In order to determine the relationship between certain relevant prognostic factors and influenza associated hospitalisation and mortality , we performed a cross-sectional retrospective analysis. These variables included the presence of infiltrates on chest radiography, certain comorbidities and need for mechanical ventilation. In our investigation, out of 210 screened H1N1 PCR cases, 48 (22.8%) samples tested positive. In Rajasthan, India, suspected and confirmed cases of pandemic influenza A (H1N1) 2009 virus infection were examined using a retrospective descriptive, record-based approach and Similar to the results of the current study, 6203 (34.10%) out of 18,187 examined cases showed positive results. 9 Samara T. et al also found 17.35% positivity in their study. 10

Baseline characteristics

As we know seasonal influenza typically affects older persons but the 2009 H1N1 influenza had a major negative impact on younger people. In our study, out of 48 cases, most of the cases involved people between the ages of 41 and 60 and the ratio of male to female was 1.52:1. Cheng et al. and Sharma et al. found the lower proportion of patients over 60 in their study may be partially explained by the inclusion of paediatric and juvenile patients. 11, 12 But a higher percentage of women (62%) and 70% patients under 60 years of age was seen in another report by Albarran-Sanchez et al.13 According to the Report on Surveillance of Influenza in Spain out of 258 patients , 51.1% were men with mean age of 64.5 years. 14 An additional investigation by Monika Maheshwari and Sanjeev Maheshwari in Rajasthan revealed that out of the 94 PCR-confirmed influenza positive cases, 32 (34%) were male and 62 (66%) female, with a median age of 35. 15

Clinical features

Fever and respiratory failure, which affected over 80% of patients in our study, were the most common clinical characteristics; However, it should be highlighted that patients with pauci-symptoms accounted for around 35% of the total.

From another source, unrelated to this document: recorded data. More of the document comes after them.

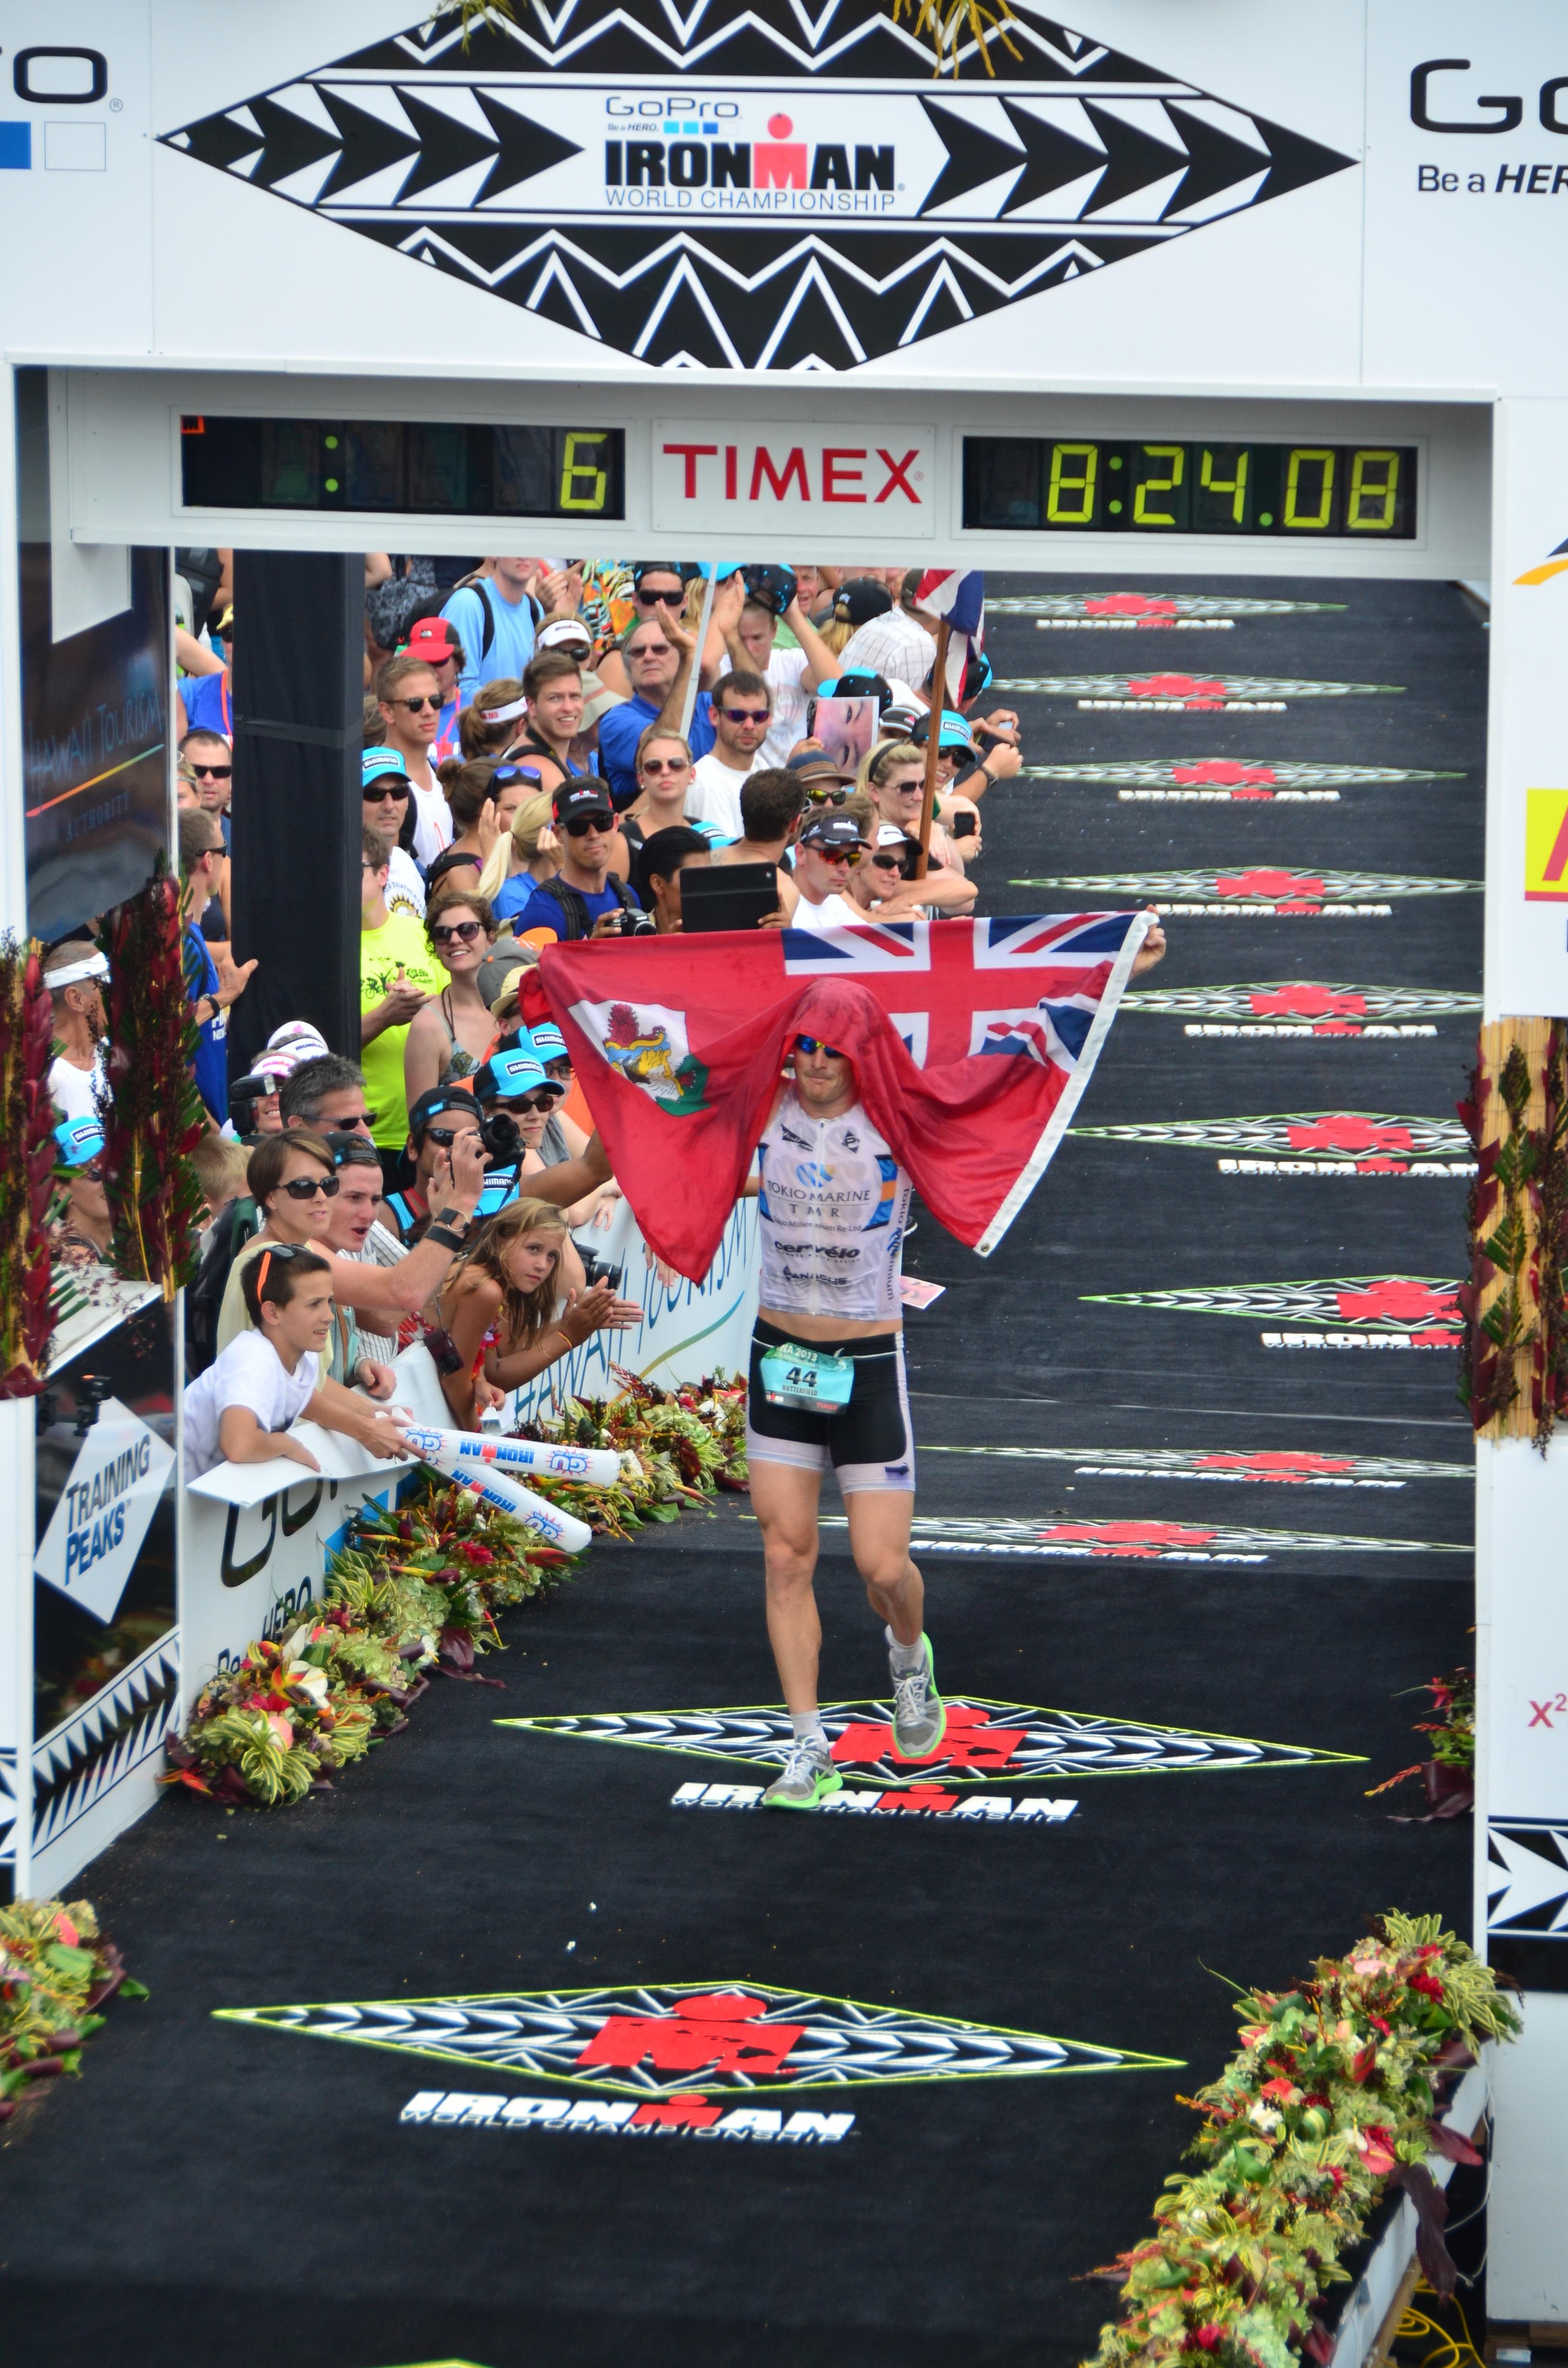 Butterfield Announces Full Focus On Long-Course Triathlon
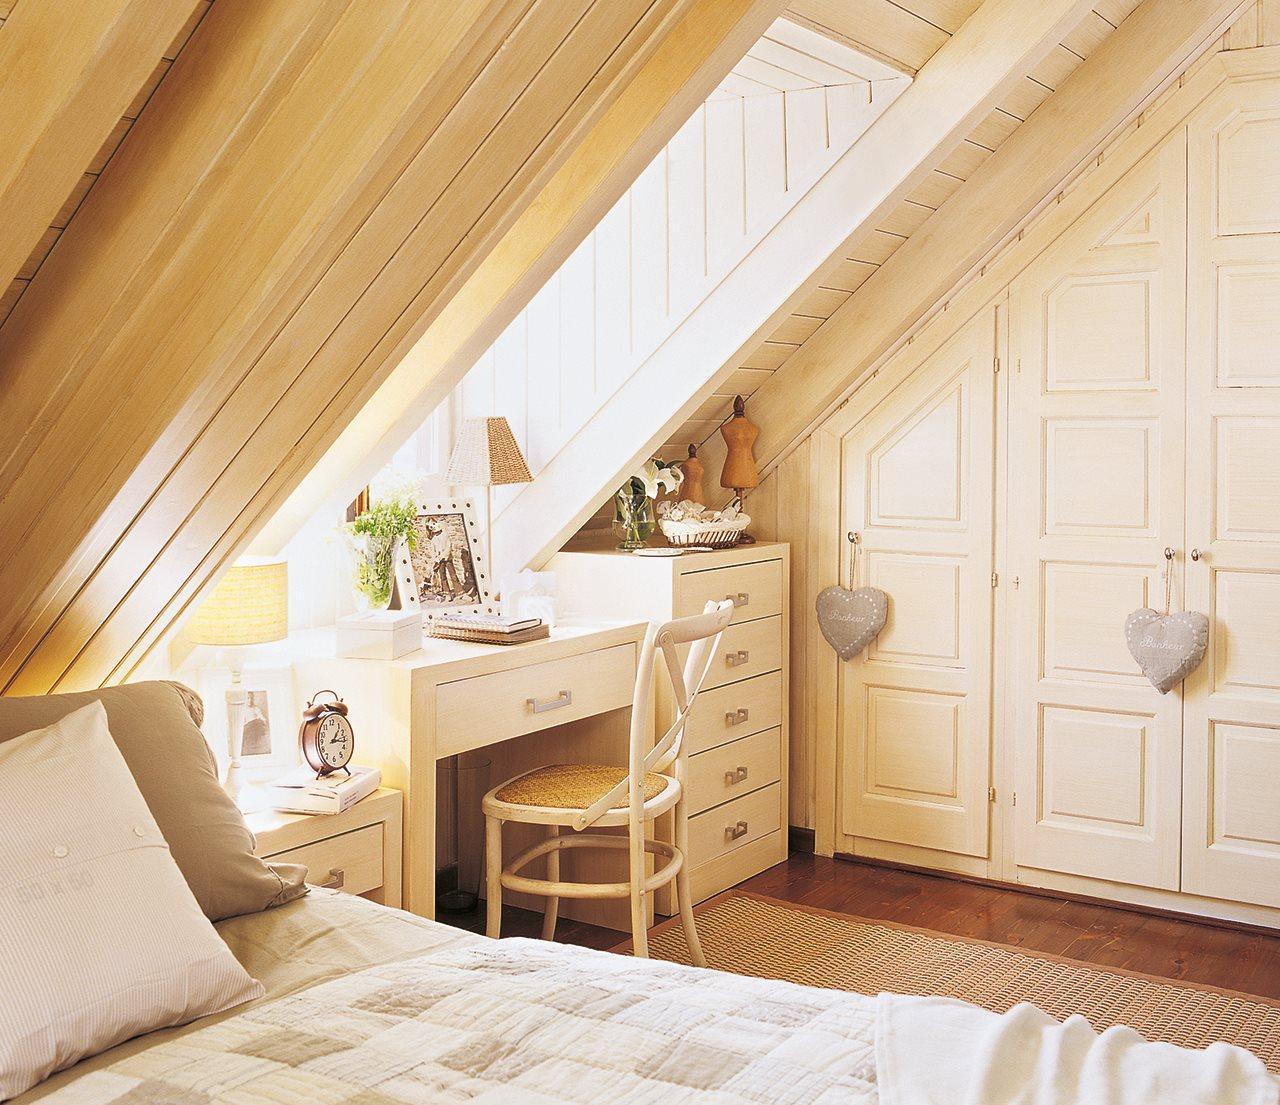 Ideas con muebles a medida para aprovechar rincones dif ciles - Ideas para armarios empotrados pequenos ...
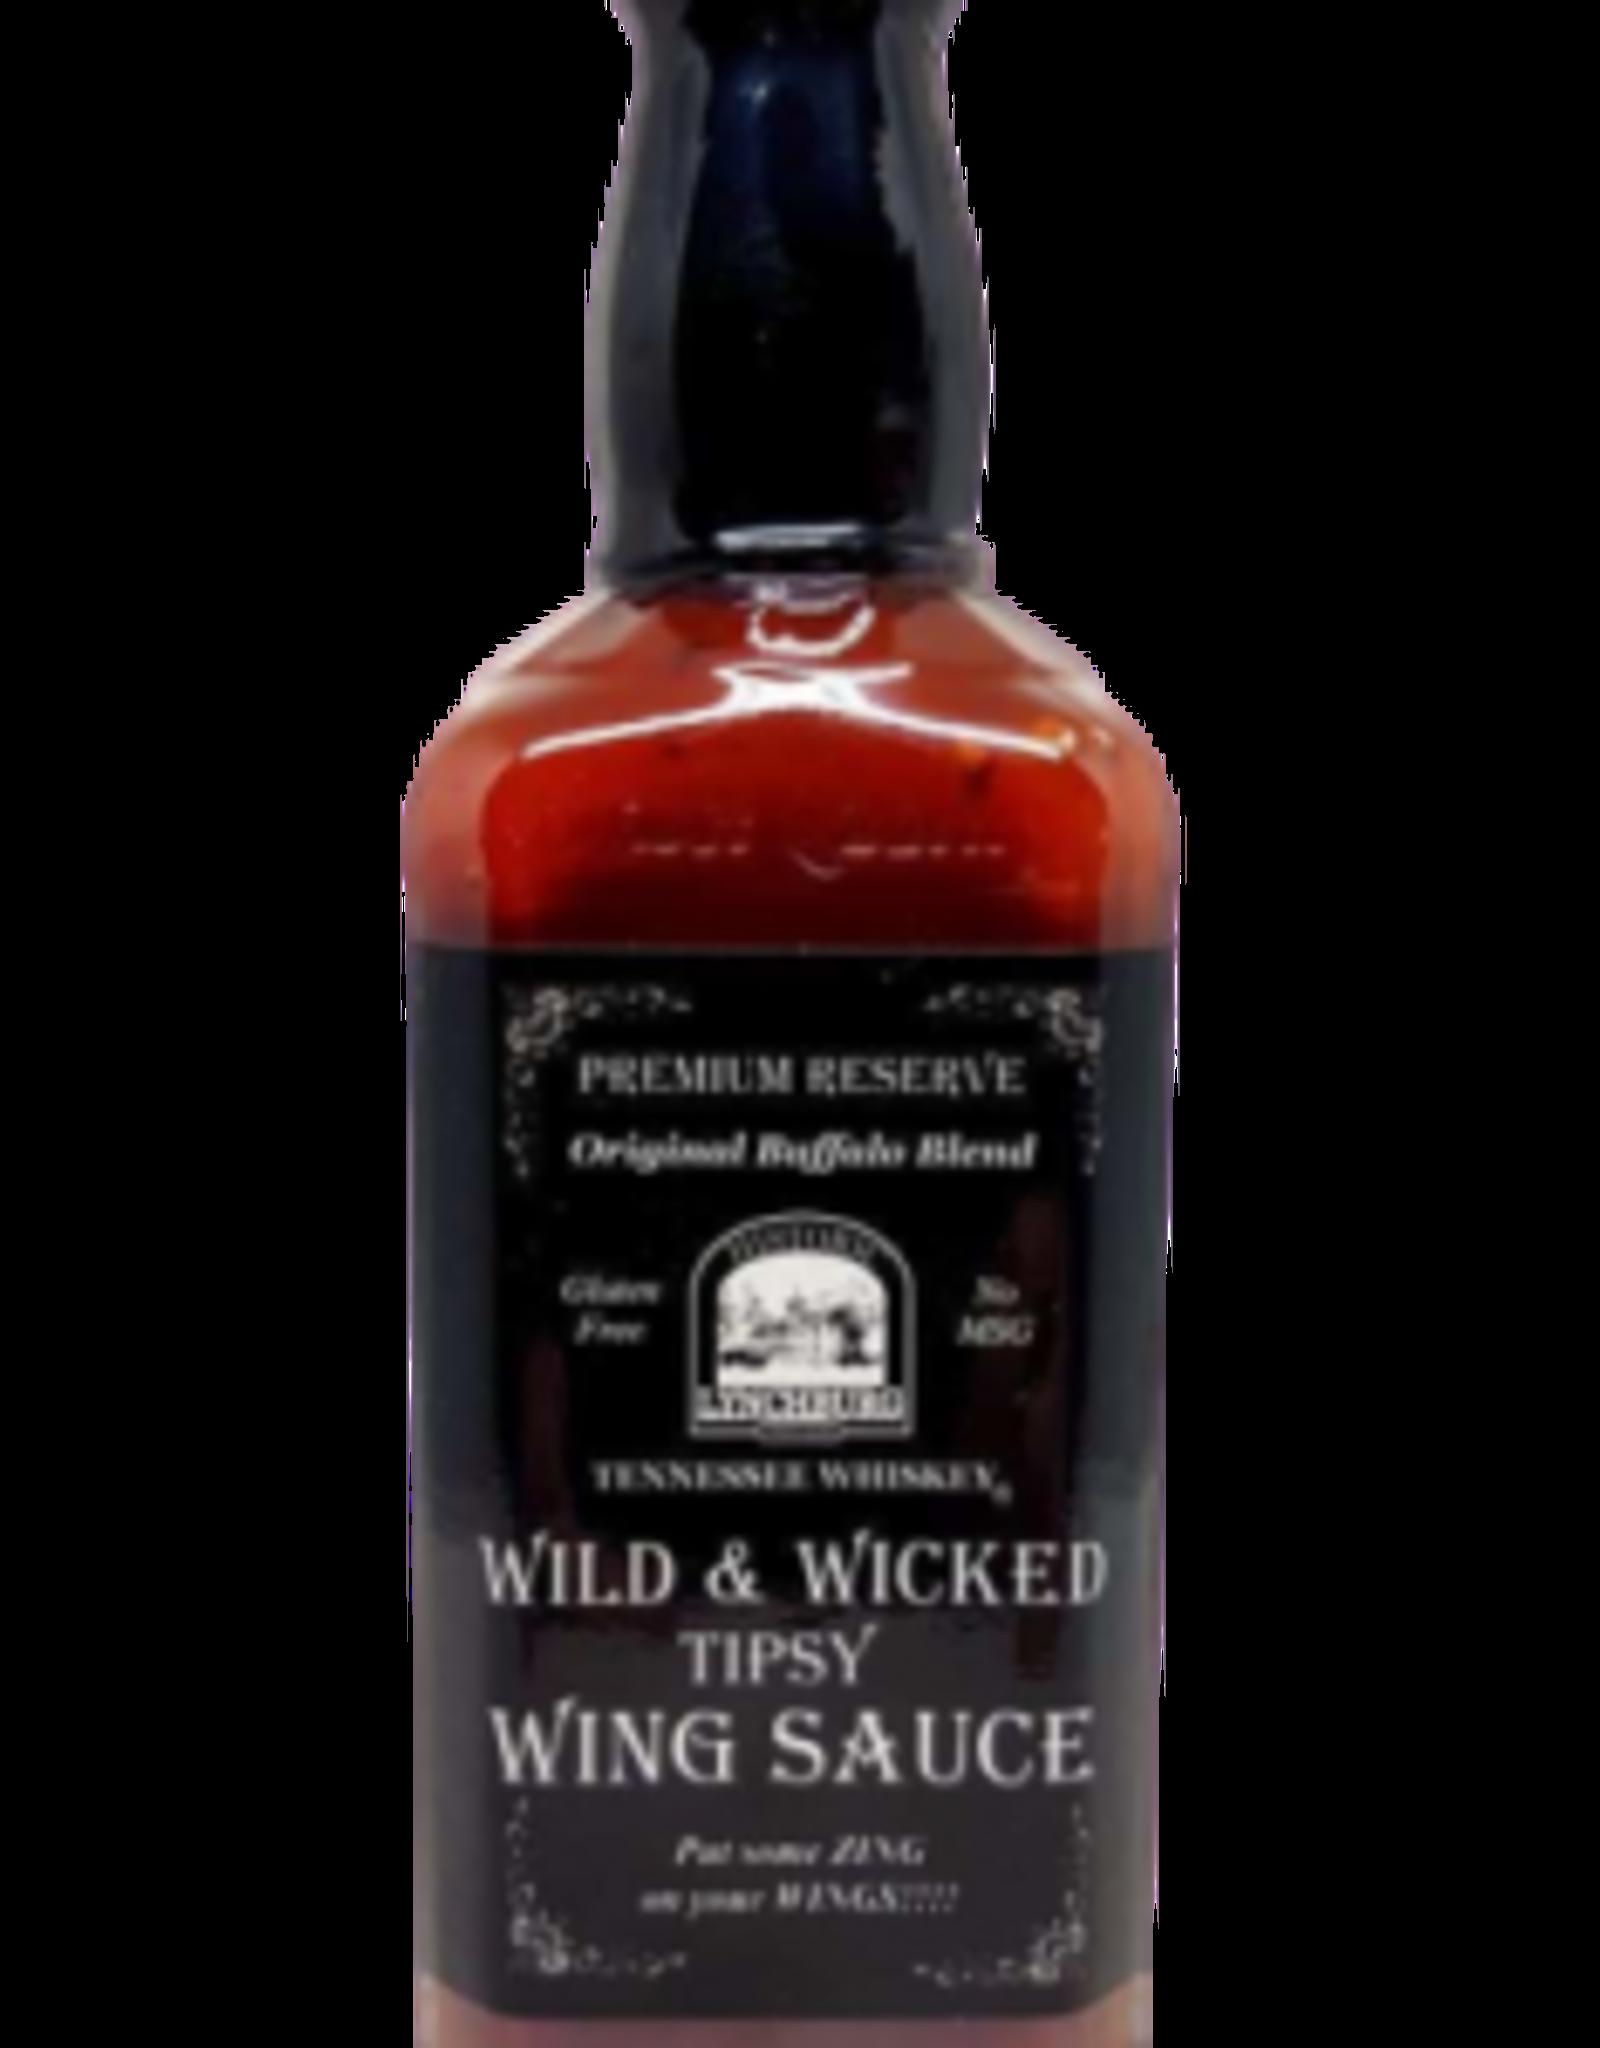 Historic Lynchburg Wild & Wicked Wing Sauce

These findings confirm prevalence of febrile illness was much higher and fewer cases of respiratory insufficiency similar to studies done by Tabarsi et al., IorioRovina et al., Chawla et al.16, 17, 18 Upper respiratory symptoms such as cough, and sore throat are typical signs of seasonal influenza as seen in our study. Apart from these symptoms we also found haemoptysis in 10 individuals, and shortness of breath in 34 cases. We link this to the tracheobronchial tree's participation and potential congestion or inflammation there. Other sign and symptoms seen in our series were pedal edema, anemia, asthma, coughing and crepitus. One of the patients had cyanosis. These symptoms are related to how the virus progresses pathologically.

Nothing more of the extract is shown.